One year ago on
June 26, 2015, the Supreme Court “stripped the rights of states to legally
define marriage solely as the union of a man and a woman” in Obergefell v. Hodges. The past year has
brought many challenges to Americans because of the decision made by the
justices.
Nate Madden at Conservative
Review wrote an article titled “Antonin Scalia’s Gay Marriage Dissent Turns One Year Old” in which he reminds his readers of the scathing dissenting opinion
written by Justice Antonin Scalia. In his dissent Justice Scalia warns the American
people about what would happen because of the vote. Over the past year we have
seen people put in jail, sued, and forced out of business because they do not
believe in same-sex unions. We have seen states forced to comply with the
decision.

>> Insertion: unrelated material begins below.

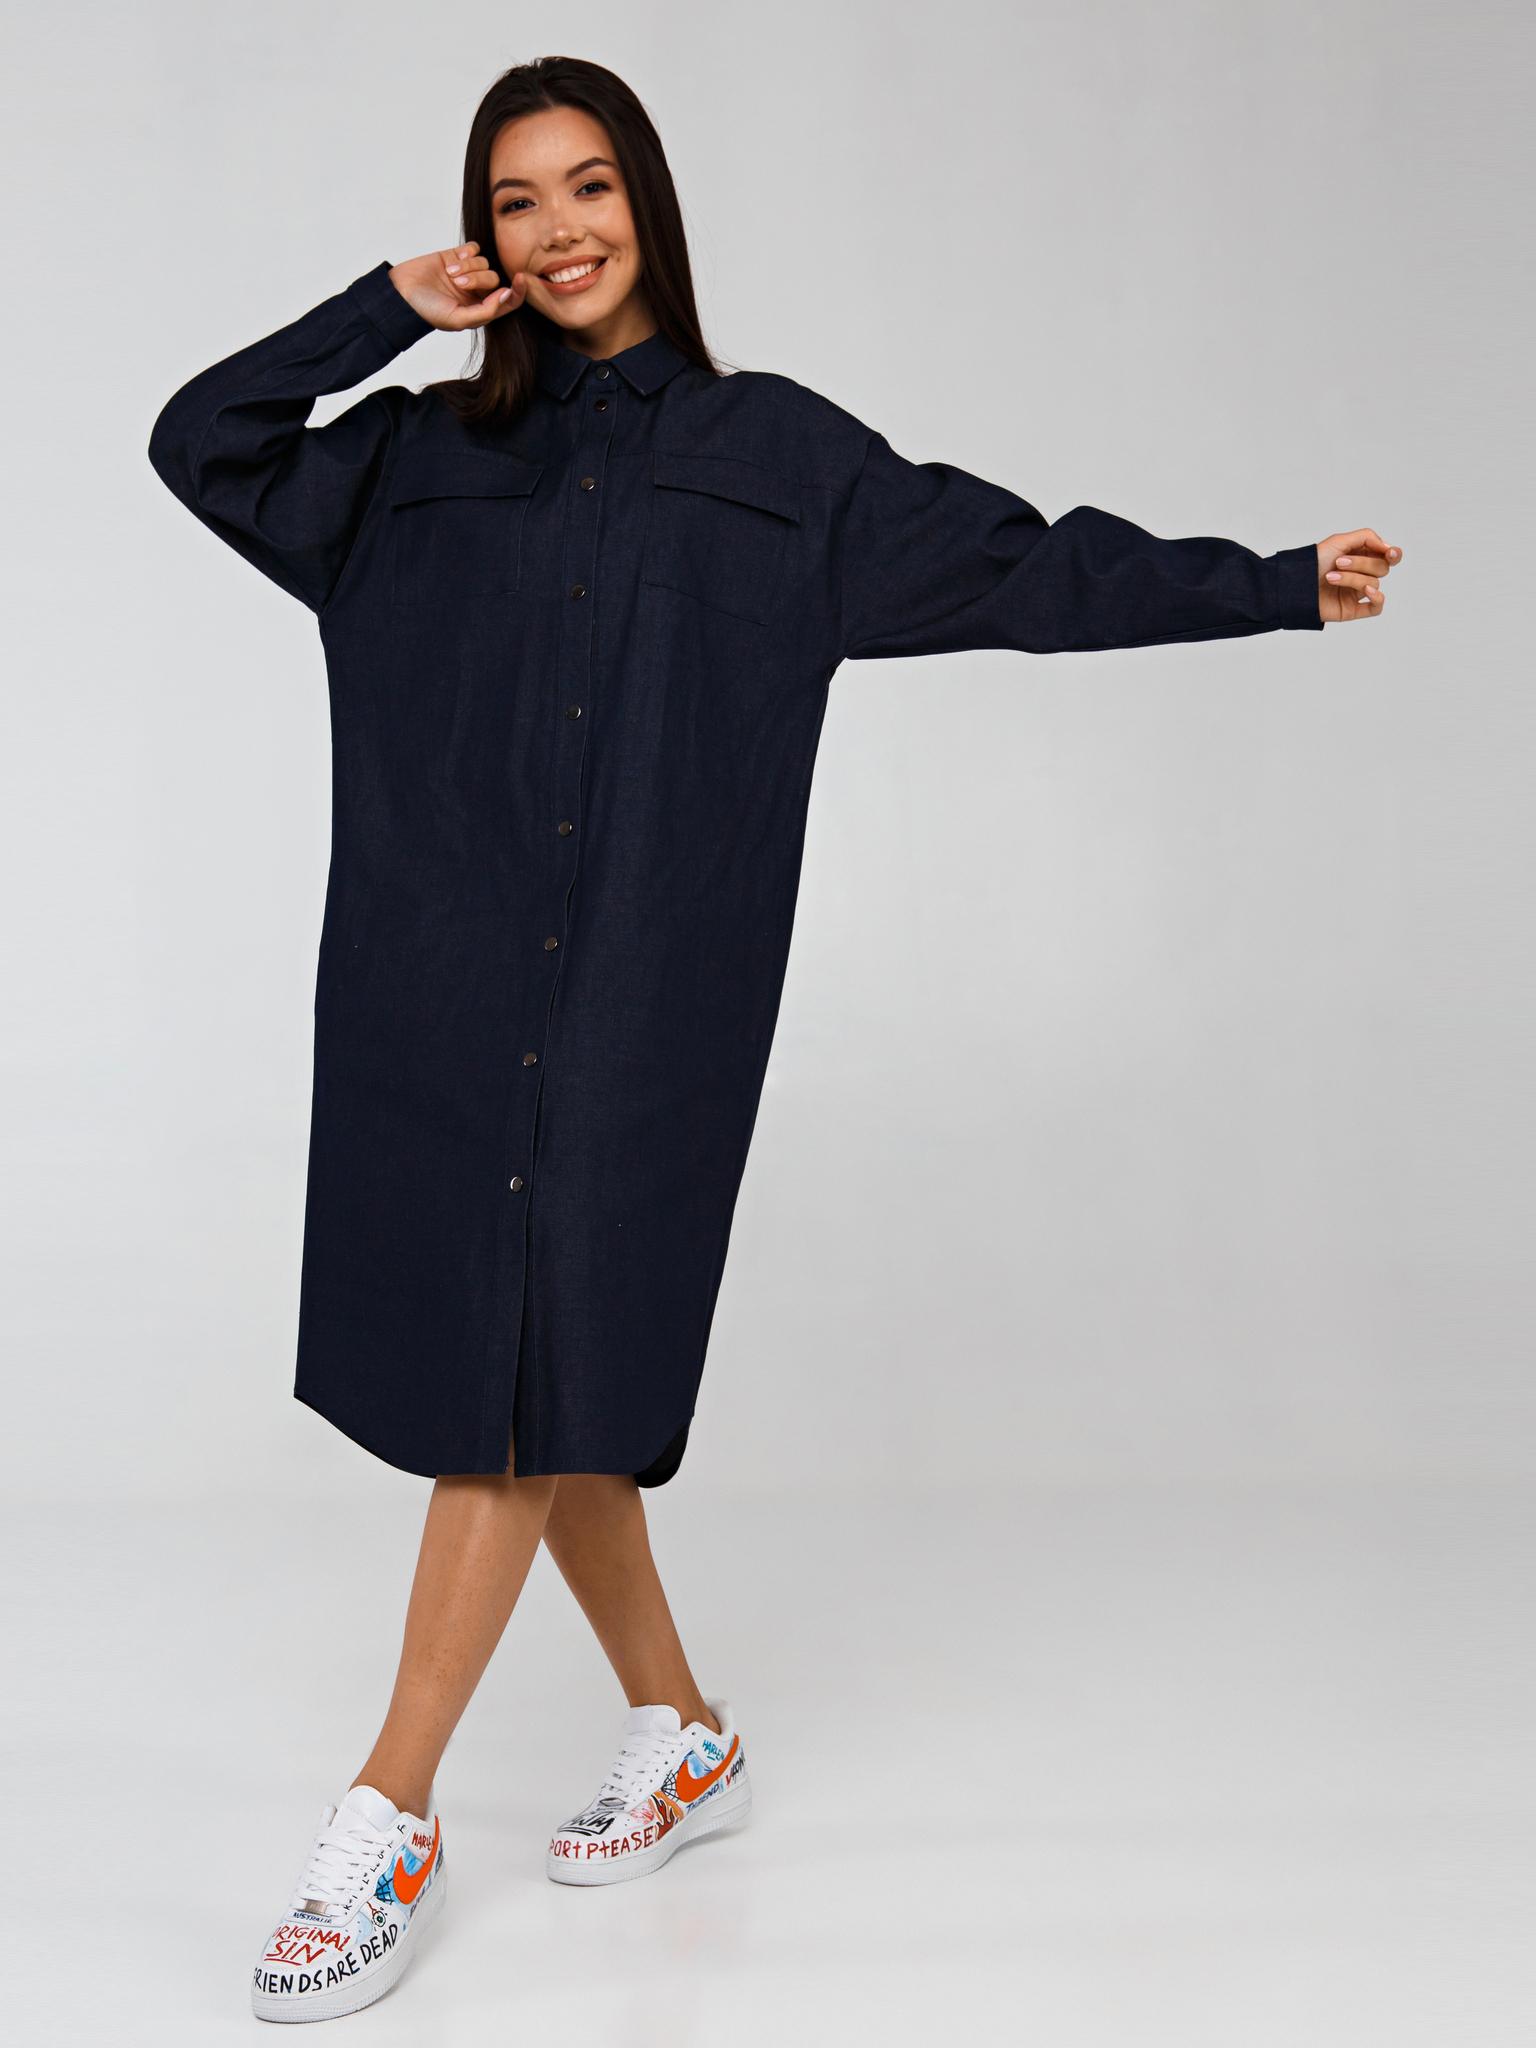 Джинсовое платье-рубашка YOS от украинского бренда Your Own Style

All of this happened because the public is being coerced to give
their approval for same-sex marriages.
Justice Scalia writes, “Today’s
decree says that my Ruler, and the Ruler of 320 million Americans
coast-to-coast, is a majority of the nine lawyers on the Supreme Court…. This
practice of Constitutional revision by an unelected committee of nine, always
accompanied … by extravagant praise of liberty, robs the People of the most
important liberty they asserted in the Declaration of Independence.”
Madden shares Scalia’s
explanation of what really happened. “Scalia then points to the period leading
up to the court’s ruling as the true triumph of liberty, rather than the
decision itself. `Individuals on both sides of the issue passionately, but
respectfully, attempted to persuade their fellow citizens to accept their
views,’ he wrote. `Americans considered the arguments and put the question to a
vote. The electorates of 11 states, either directly or through their representatives,
chose to expand the traditional definition of marriage. Many more decided not
to. Win or lose, advocates for both sides continued pressing their cases,
secure in the knowledge that an electoral loss can be negated by a later
electoral win.’”
Madden then concludes, “What
Justice Scalia described was a true republic in action, at least until the
judiciary put a stop to it. The greater problem is that, as devastating as the
decision may yet prove to be for the religious liberty of people and
institutions who still affirm a traditional, organic and conjugal understanding
of marriage, the precedent set in this case and others by the federal judiciary
point to a truth antithetical to our political and historical identity as
Americans: we are being governed less and less by our own consent.”
When the majority of justices
voted to approve same-sex marriage, I believe that they opened a Pandora’s Box.
I believe that we have not yet seen all the destruction that will come from
this decision. A tiny minority of Americans has forced through a decision that
will bring negative effects to all Americans.